▶ **Information provided**
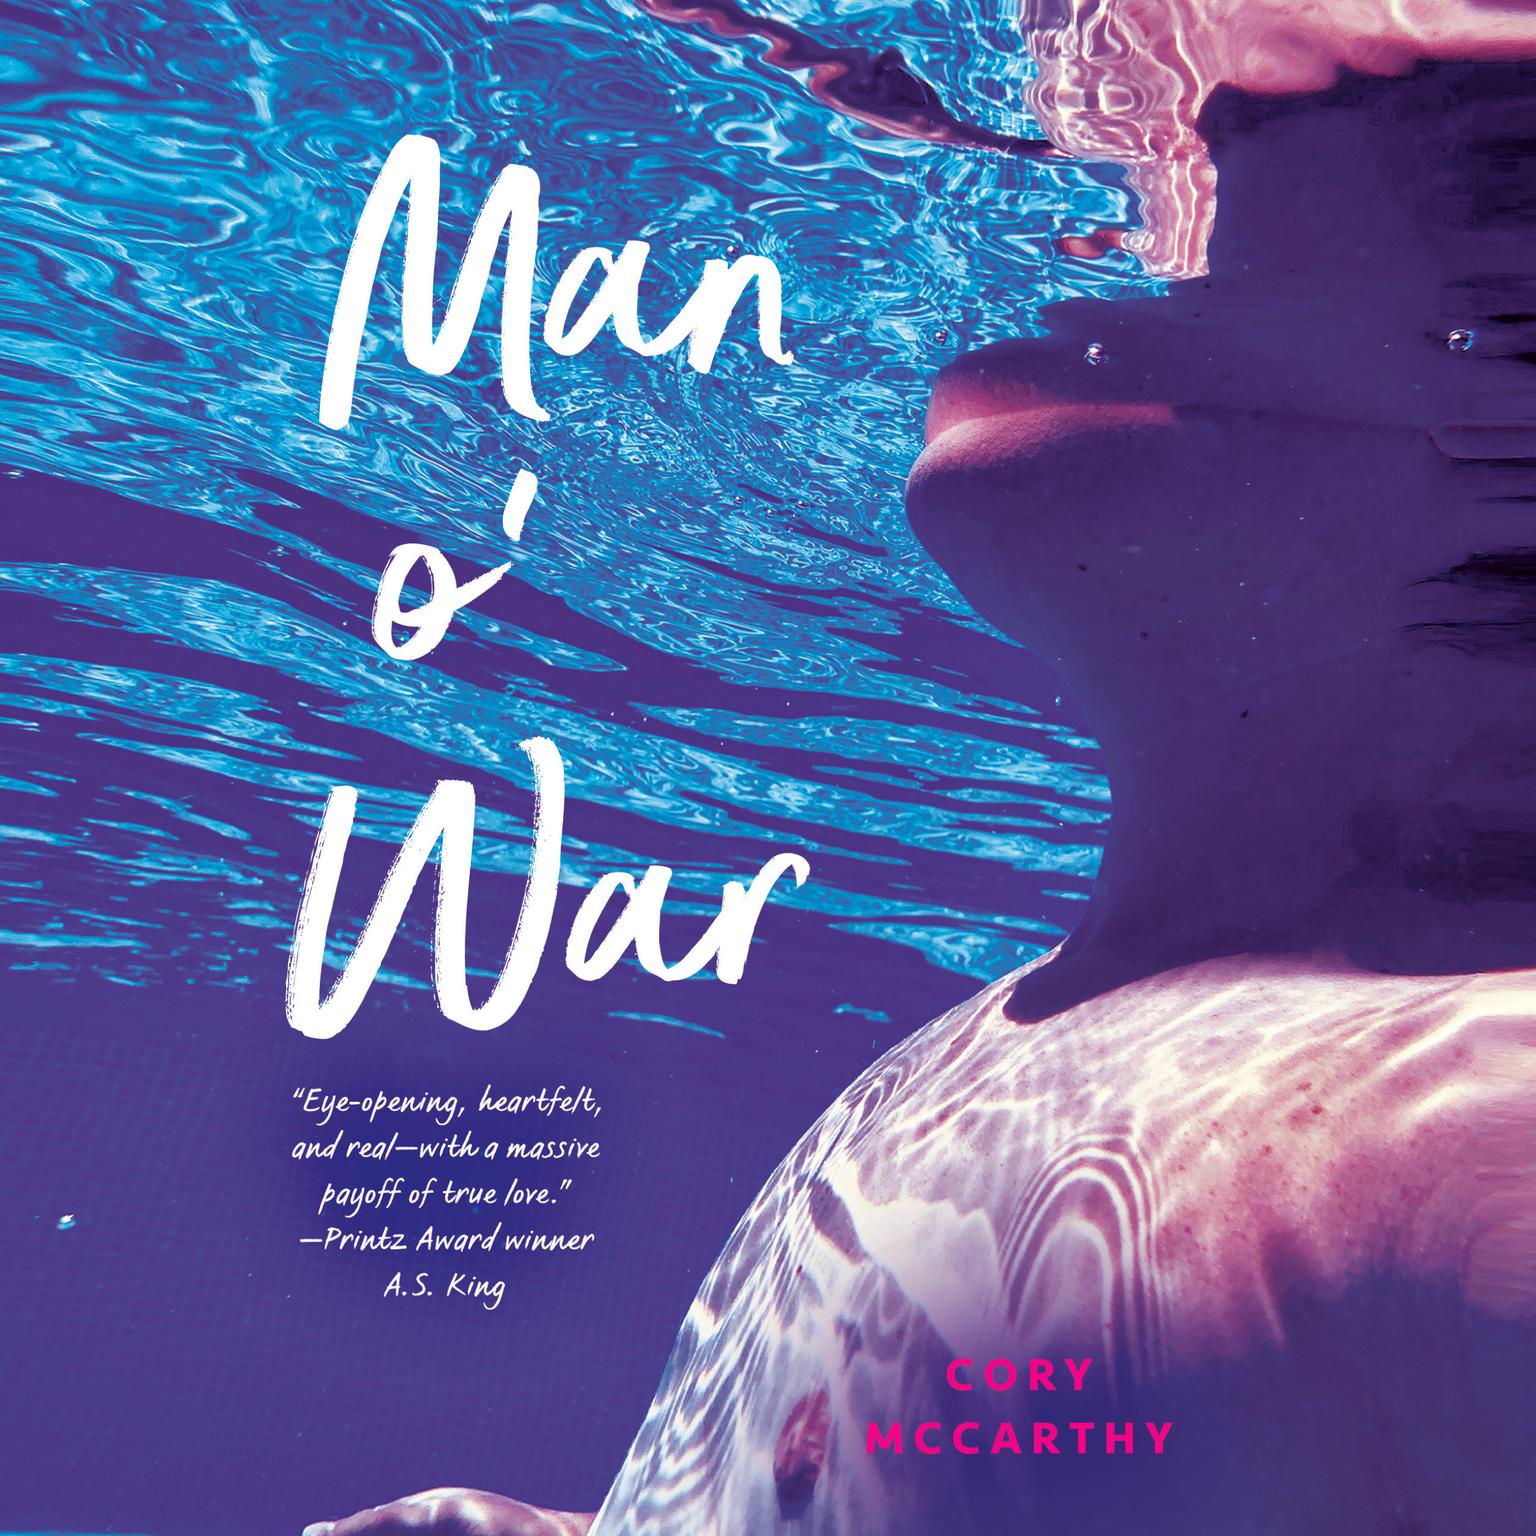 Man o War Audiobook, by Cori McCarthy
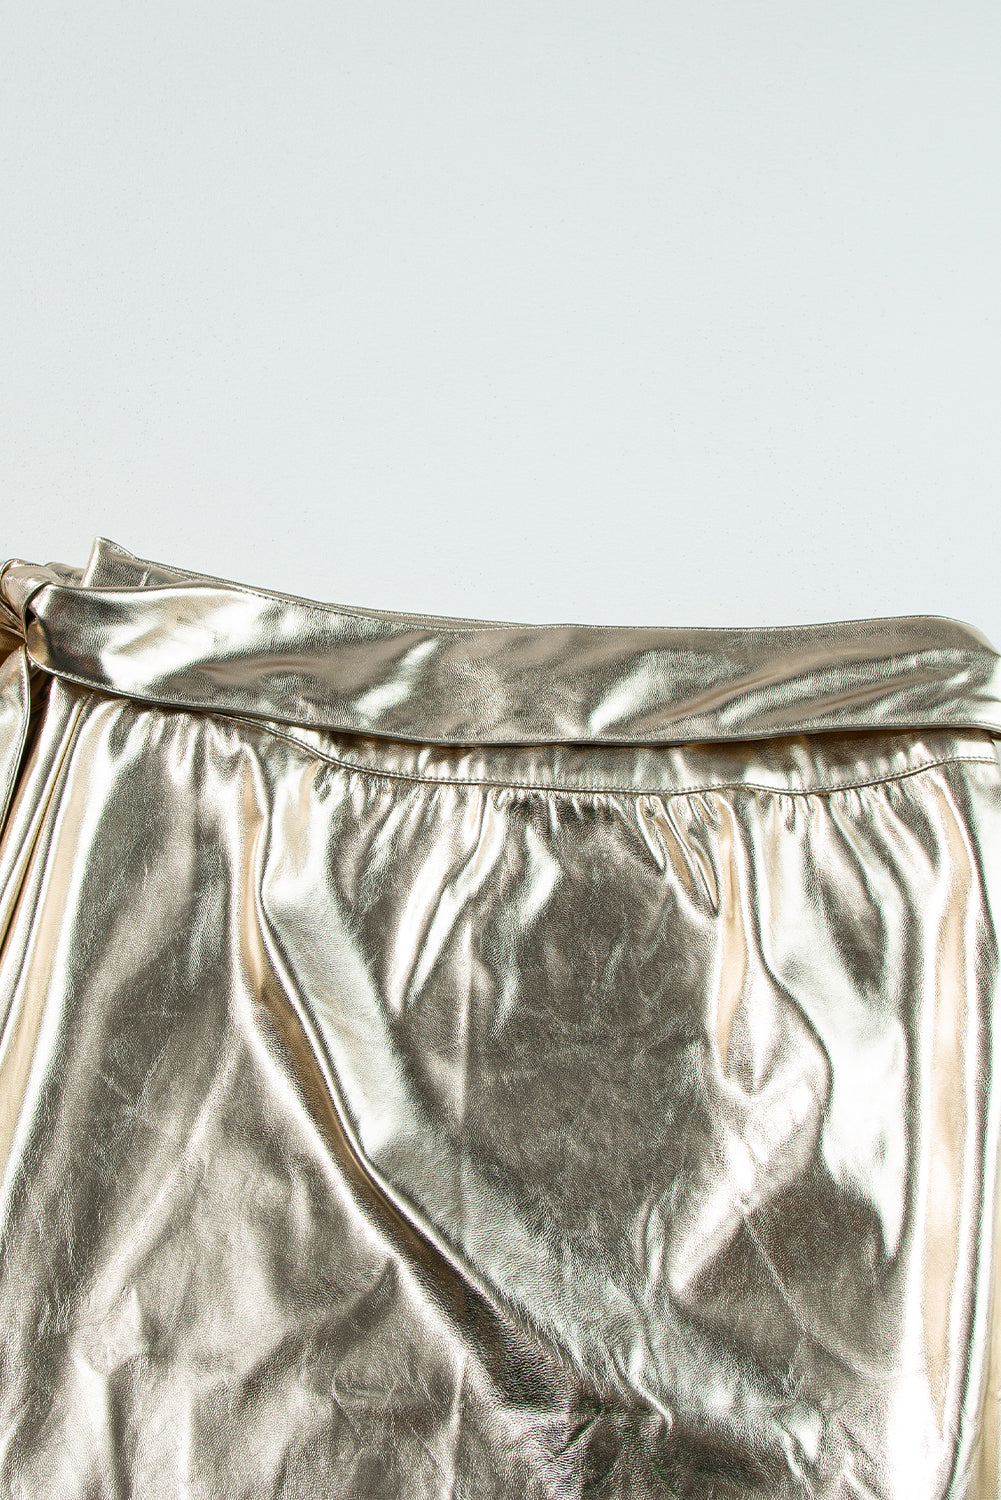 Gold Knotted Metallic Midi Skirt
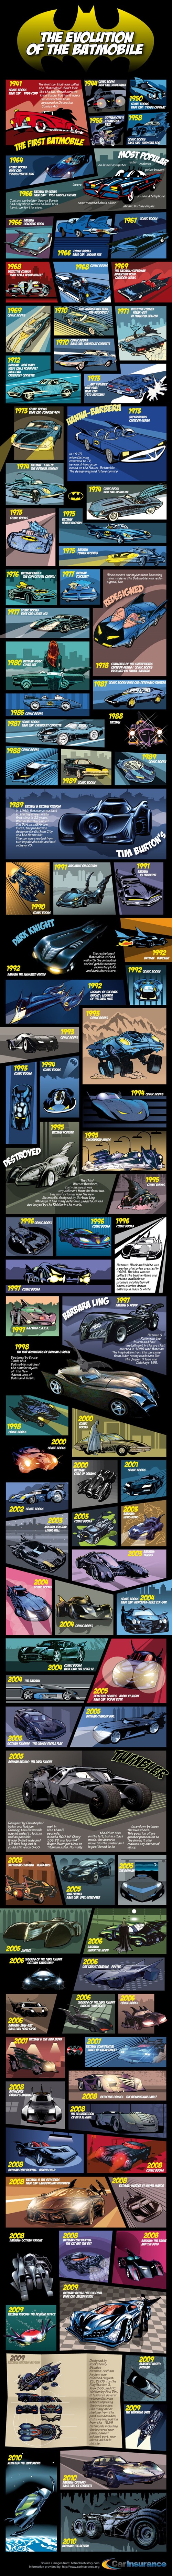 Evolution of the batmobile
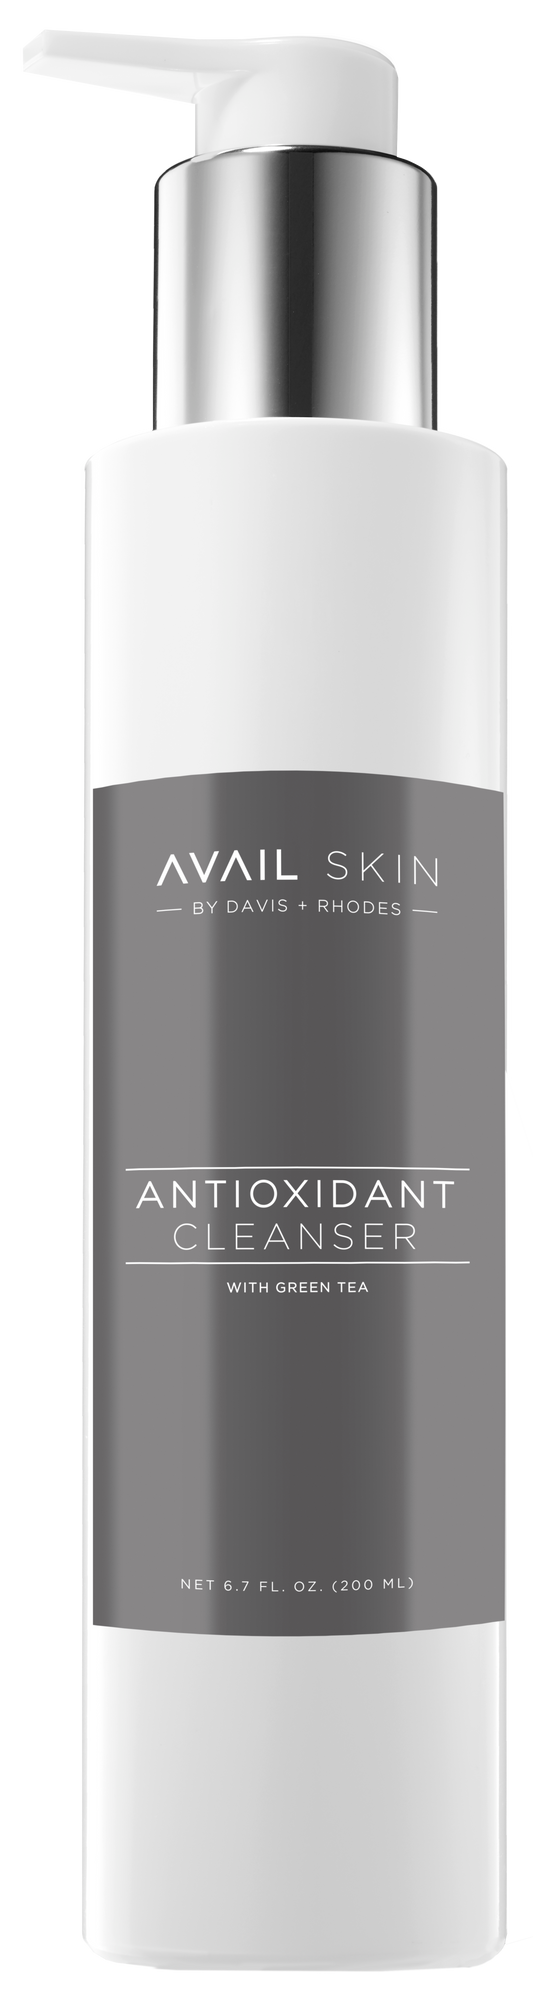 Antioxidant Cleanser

▶ **Directions for this task**
With the pictures removed, return the full listing exactly as given.

▶ **Exercise response**
 Man o War Audiobook, by Cori McCarthy
 Gold Knotted Metallic Midi Skirt
 Evolution of the batmobile
 Antioxidant Cleanser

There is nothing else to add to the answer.